Gene expression profiling revealed that ADAMTS-2 is significantly upregulated in osteosarcoma tissues compared with normal bone and is associated with ECM disassembly and collagen fibril organization pathways. Functional assays in Saos-2 cells demonstrated that TNF-α stimulation markedly increased ADAMTS-2 mRNA (~ 17-fold) and protein levels (~ twofold). Promoter activity assays showed strong TNF-α–mediated activation, with the highest induction in the − 180/ + 112 region. Pharmacological inhibition experiments revealed that MEK, PI3K, JNK, and NF-κB pathways are all required for TNF-α-induced ADAMTS-2 transcription.

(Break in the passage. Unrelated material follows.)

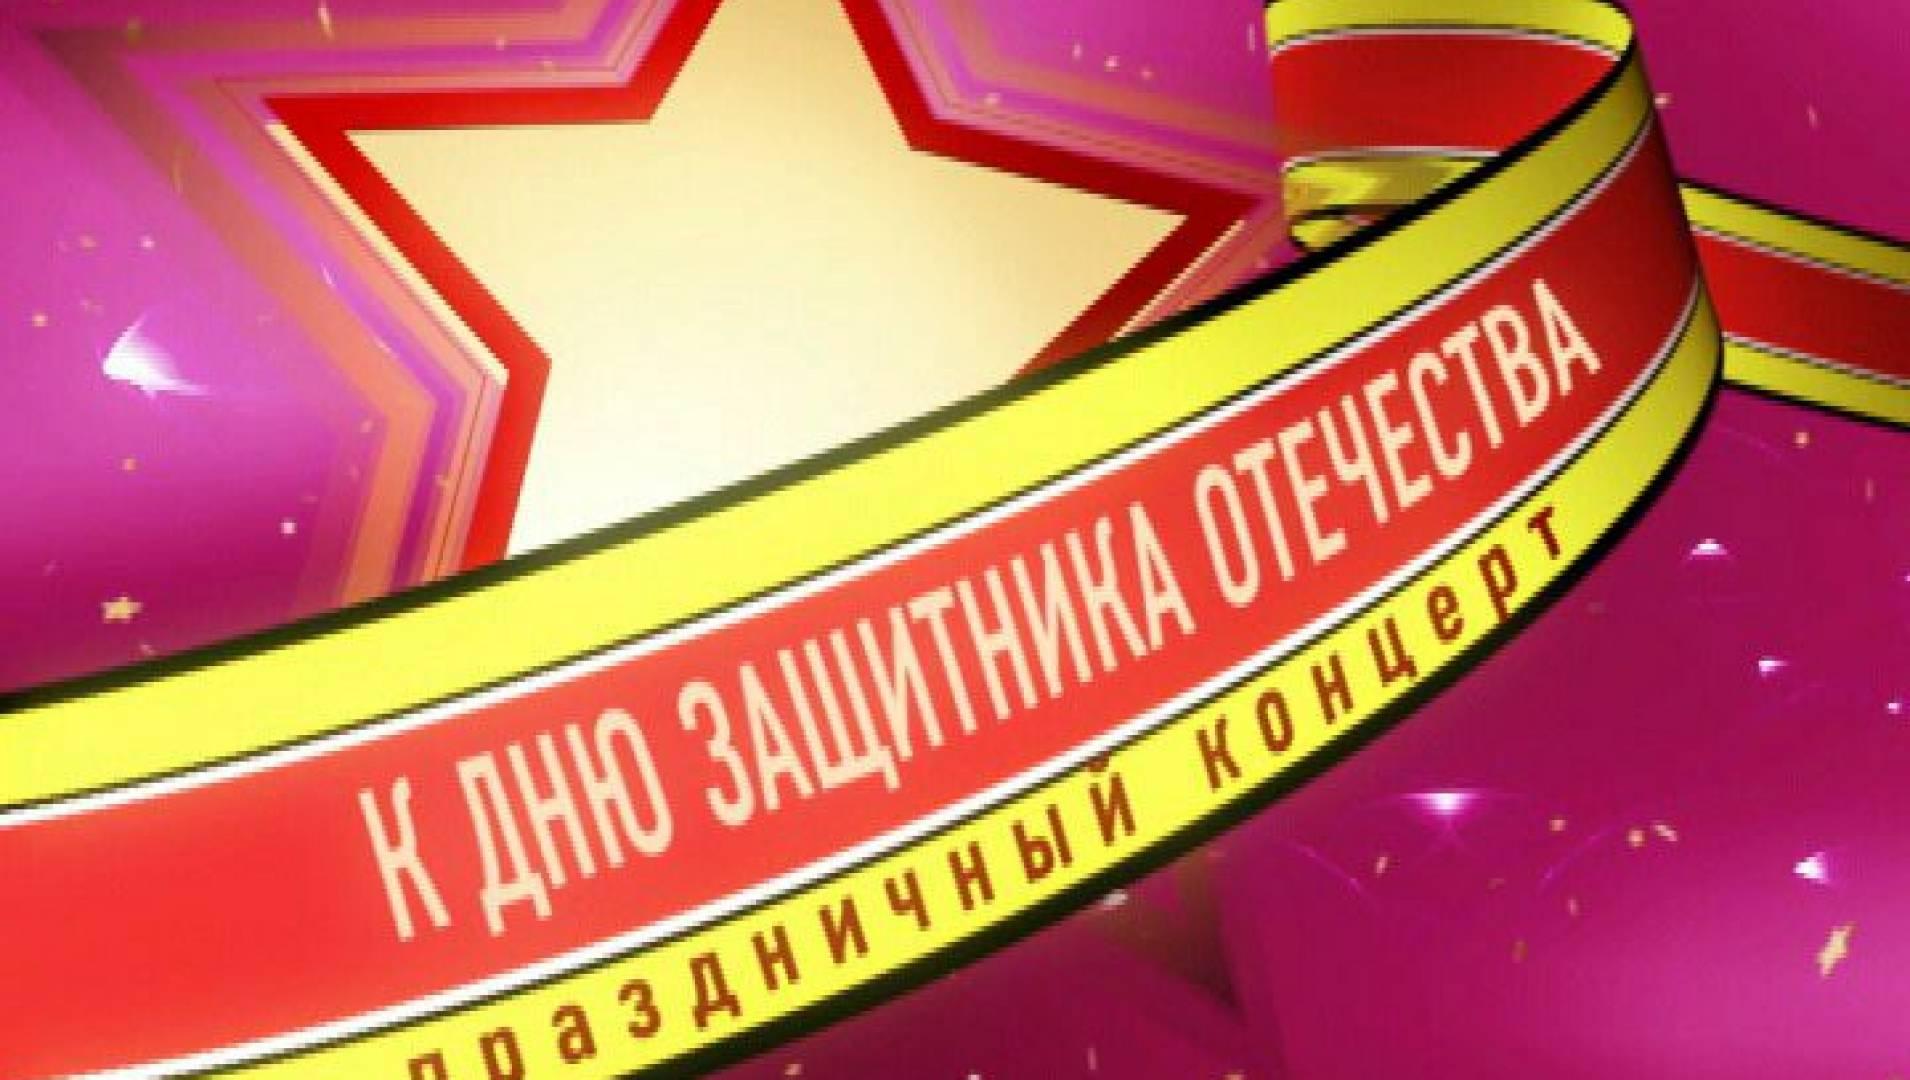 Праздничный концерт коДню защитника Отечества - Концерт
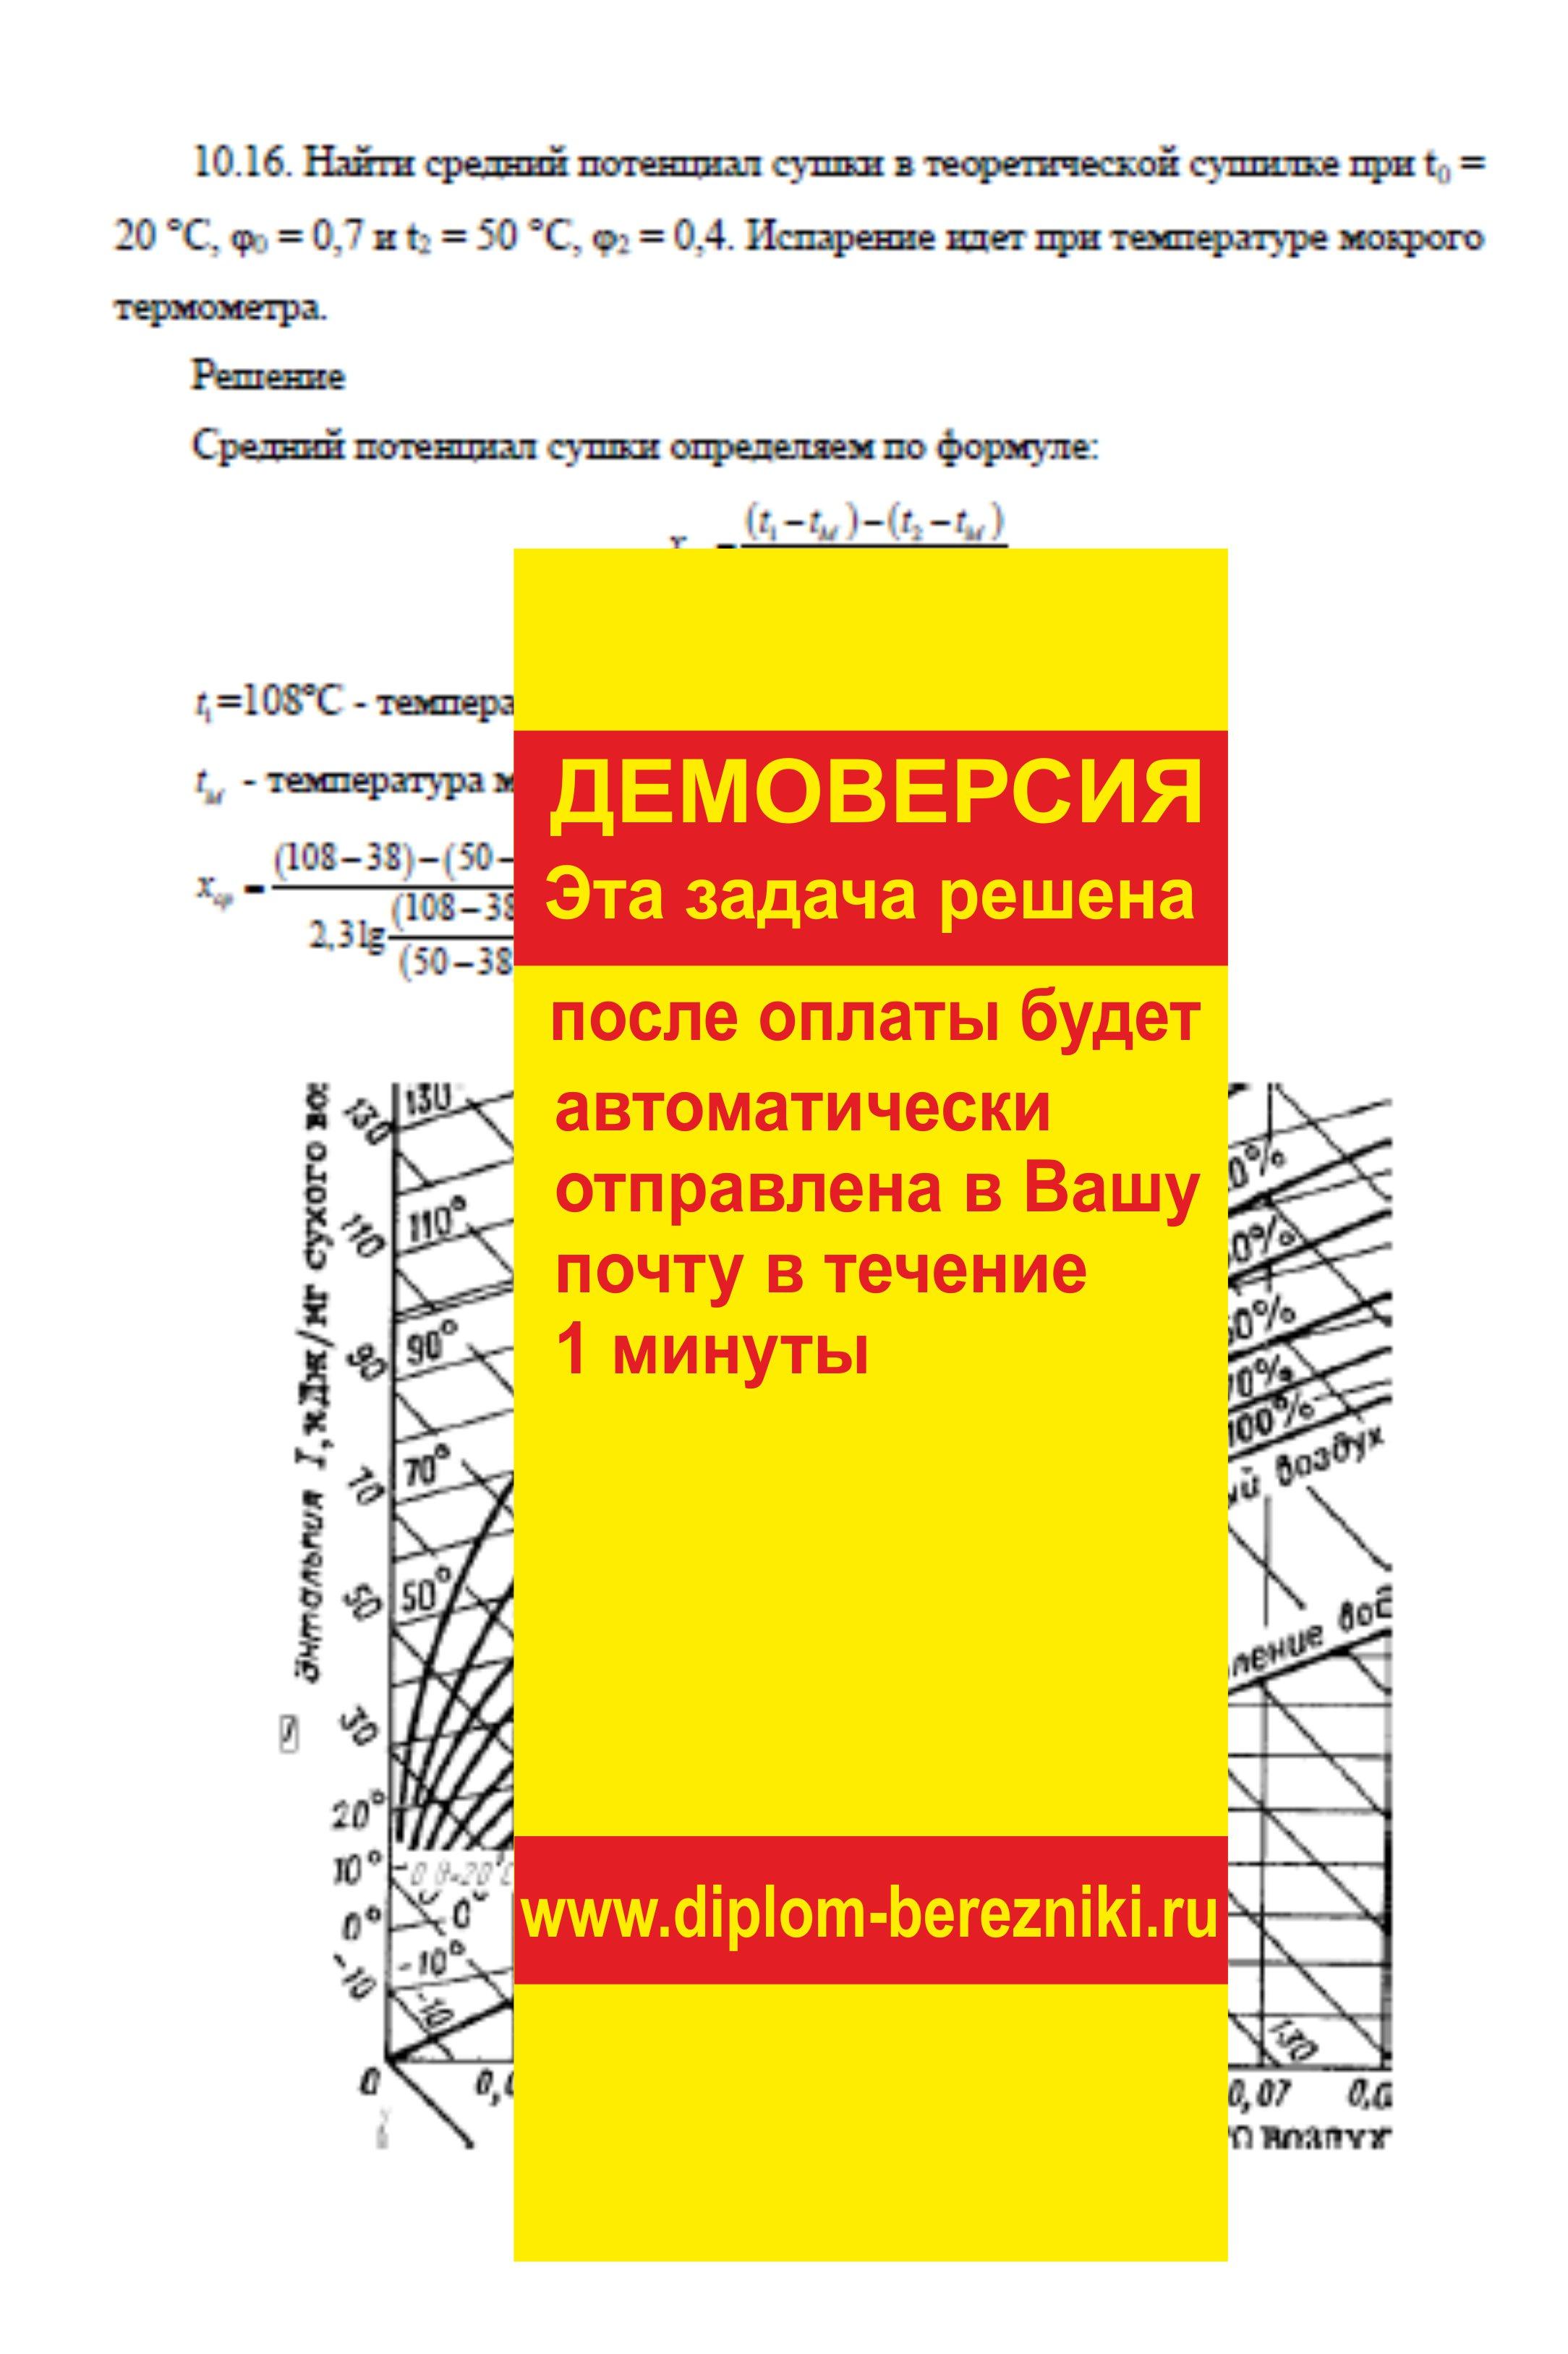 Решение задачи 10.16 по ПАХТ из задачника Павлова Романкова Носкова

In silico motif analysis identified STAT3 and NF-κB binding elements within the promoter, and electrophoretic mobility shift assays supported the interaction of these transcription factors with specific promoter regions.

Conclusions

This study provides the first mechanistic evidence that TNF-α regulates ADAMTS-2 expression through the coordinated activation of multiple signaling pathways and the engagement of STAT3 and NF-κB transcription factors at the promoter. These findings uncover a previously uncharacterized inflammatory regulatory axis linking TNF-α signaling to ECM remodeling and highlight ADAMTS-2 as a potential mediator of osteosarcoma progression.